Light up the night at the movies…on a cookie! My recipe takes all the fun of your favorite concession stand players and arranges them there and tests a simple sugary dough. The toffee element is a feature in the supporting role, never use the stars (popcorn and candy, of course). Feel free to play around with the mix, but make sure your popcorn (microwave or stovetop) pops crisper and more even.

Debt…Jonathan Bang


Top images of pink glazed cookies with nuts.

Don’t worry: These cookies look just like slices of mortadella. Claire Saffitz’s recipe – A new twist on the classic “sausage” cookies like chocolate kolbasa from Eastern Europe or the Salami Cookie by Brooks Headgey in New York – a cold cut look. Strawberries that have been dried and dried yield the original ruddy pink color, while pistachios play the role of, well, pistachios.

Debt…Jonathan Bang


Top photos of about a dozen coconuts growing in a blue environment.

Samantha Seneviratne’s coconut cookie entry takes the essentials of a coconut cookie — a buttery crumb and billy frosting — and whittles it down to a much smaller treat. Sweetened coconut and unspecified coconut oil (of the coconut department) in the dough to taste, while finishing the lovely coconut and giving the cookies you like.

Debt…Jonathan Bang


The top image of the mint-green triangle is made of chocolate veins.

Easy, delicious cookies to make cookies that taste and feel like you’re eating mint-chip ice cream, thanks to the peppermint extract and its vicy cooling effect.

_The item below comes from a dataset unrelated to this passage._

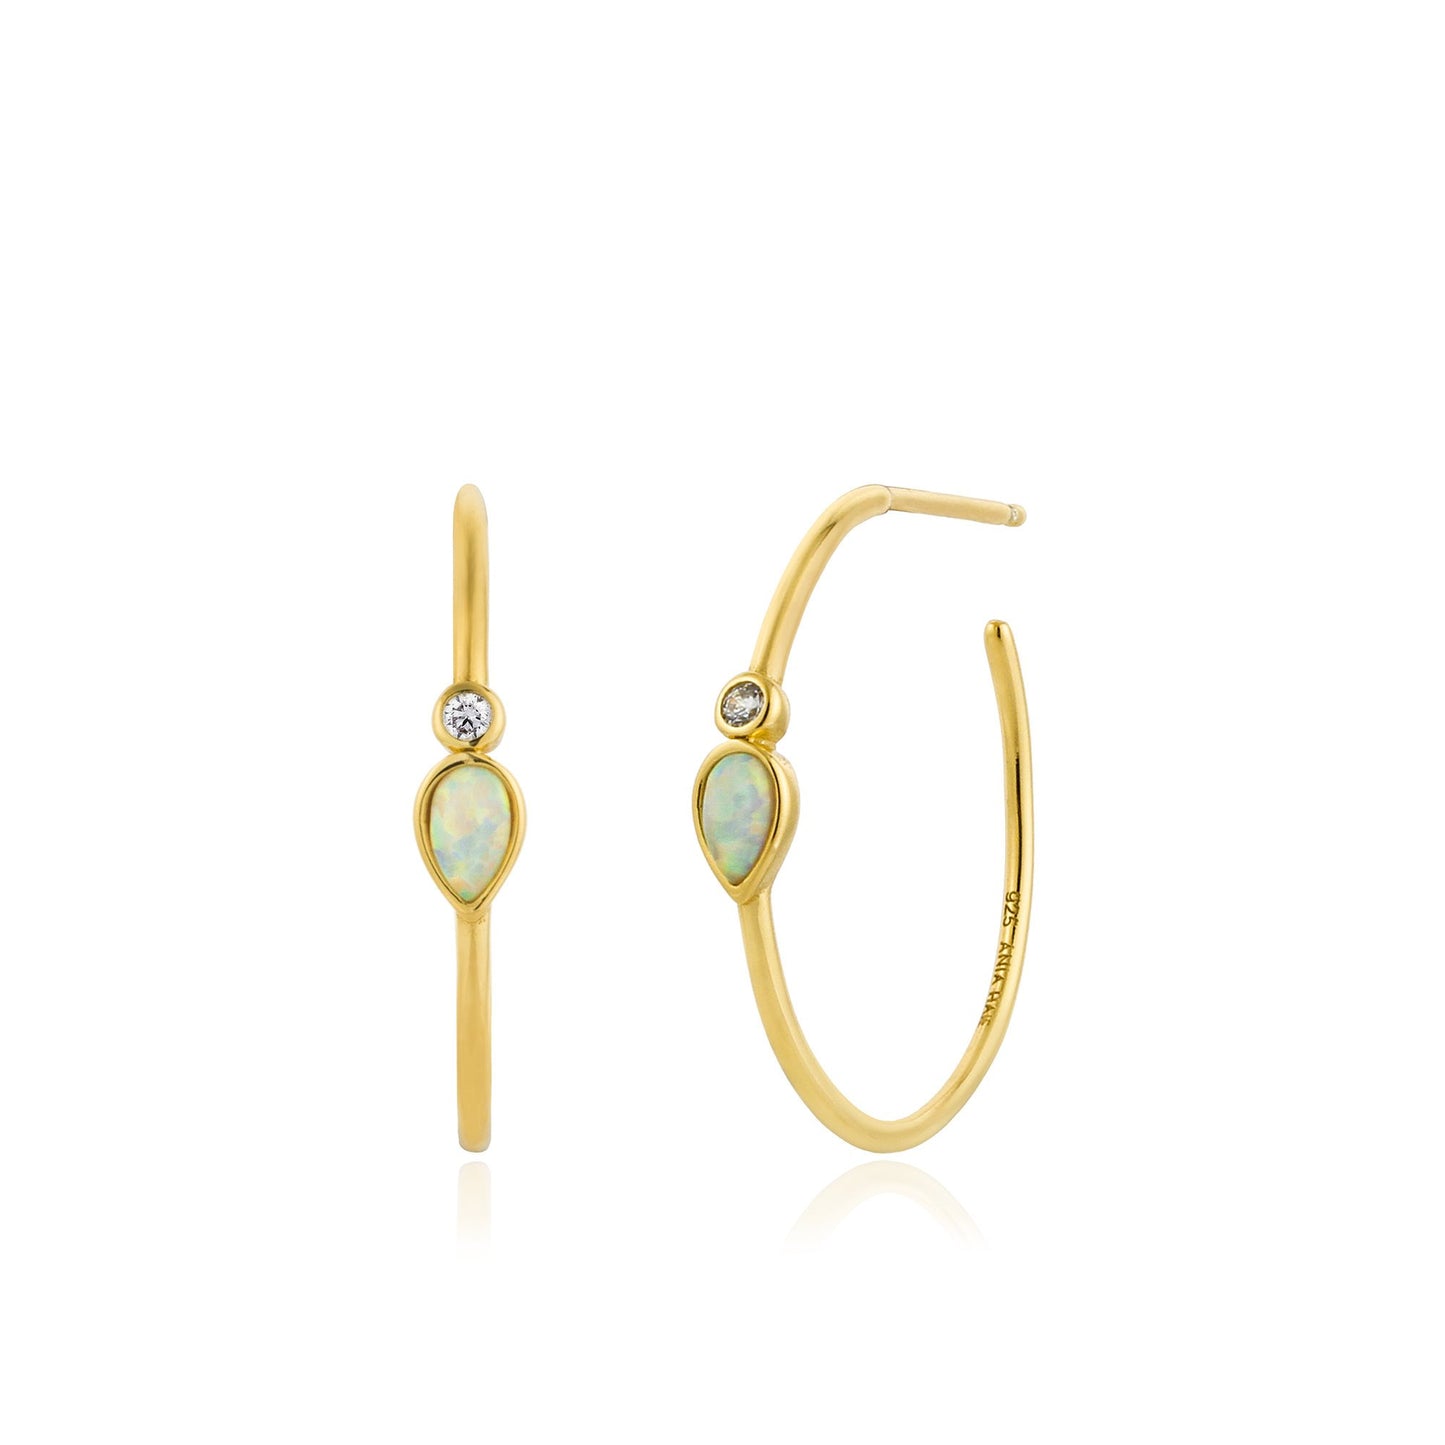 ANIA HAIE ANIA HAIE - Opal Color Raindrop Gold Hoop Earrings available at The Good Life Boutique

The base of the Crisp-Tender Sugar-Cookie – made without a mixer – is arranged with a layer of minty white chocolate reduced without olive oil. A dash of dark chocolate draws in the heat to balance the sweetness.

Debt…Jonathan Bang


Top photo of a number of peanutty cookies.

Inspired by payday bars, Sue Li’s simple Treat Memics Flavom of the Candy’s Caramel Nougat Center with brownie dough. Once shaped, the dough is mixed loosely in nut water with a salty crunch and an unguarded nod to candy.

Debt…Jonathan Bang


Top photo of brownies with a swirl swirl atop.

Melissa Clark took the classics of Vietnamese coffee – espresso milk and sugar syrup – and turned them into brownies. A quick shot of espresso in the brownie batter gives them that pronounced coffee flavor. But the second you eat them, the joy is in mixing the cream cheese topping, attached to the coffee beans, and the cocoa base into a wonderful swirl, evoking the image of beating coffee milk like that.

Debt…Jonathan Bang


Top photos of gingerbread cookies with half-tingers topped with icing and lime zest.

Break ‘N’ Stormy is a holiday cocktail, made with spicy ginger beer, warm dark rum and a refreshing hint of lime – a welcome refresh for your taste buds. Dan Pelosi Riff Riff Riff on it is no different. Cayenne joins the mix of ginger, cloves and cinnamon, and the ginger in the curtain, infused with dark rum, is mixed. Everything is finished. But perhaps the best part is that, unlike a cocktail, there’s no limit to how many you can have.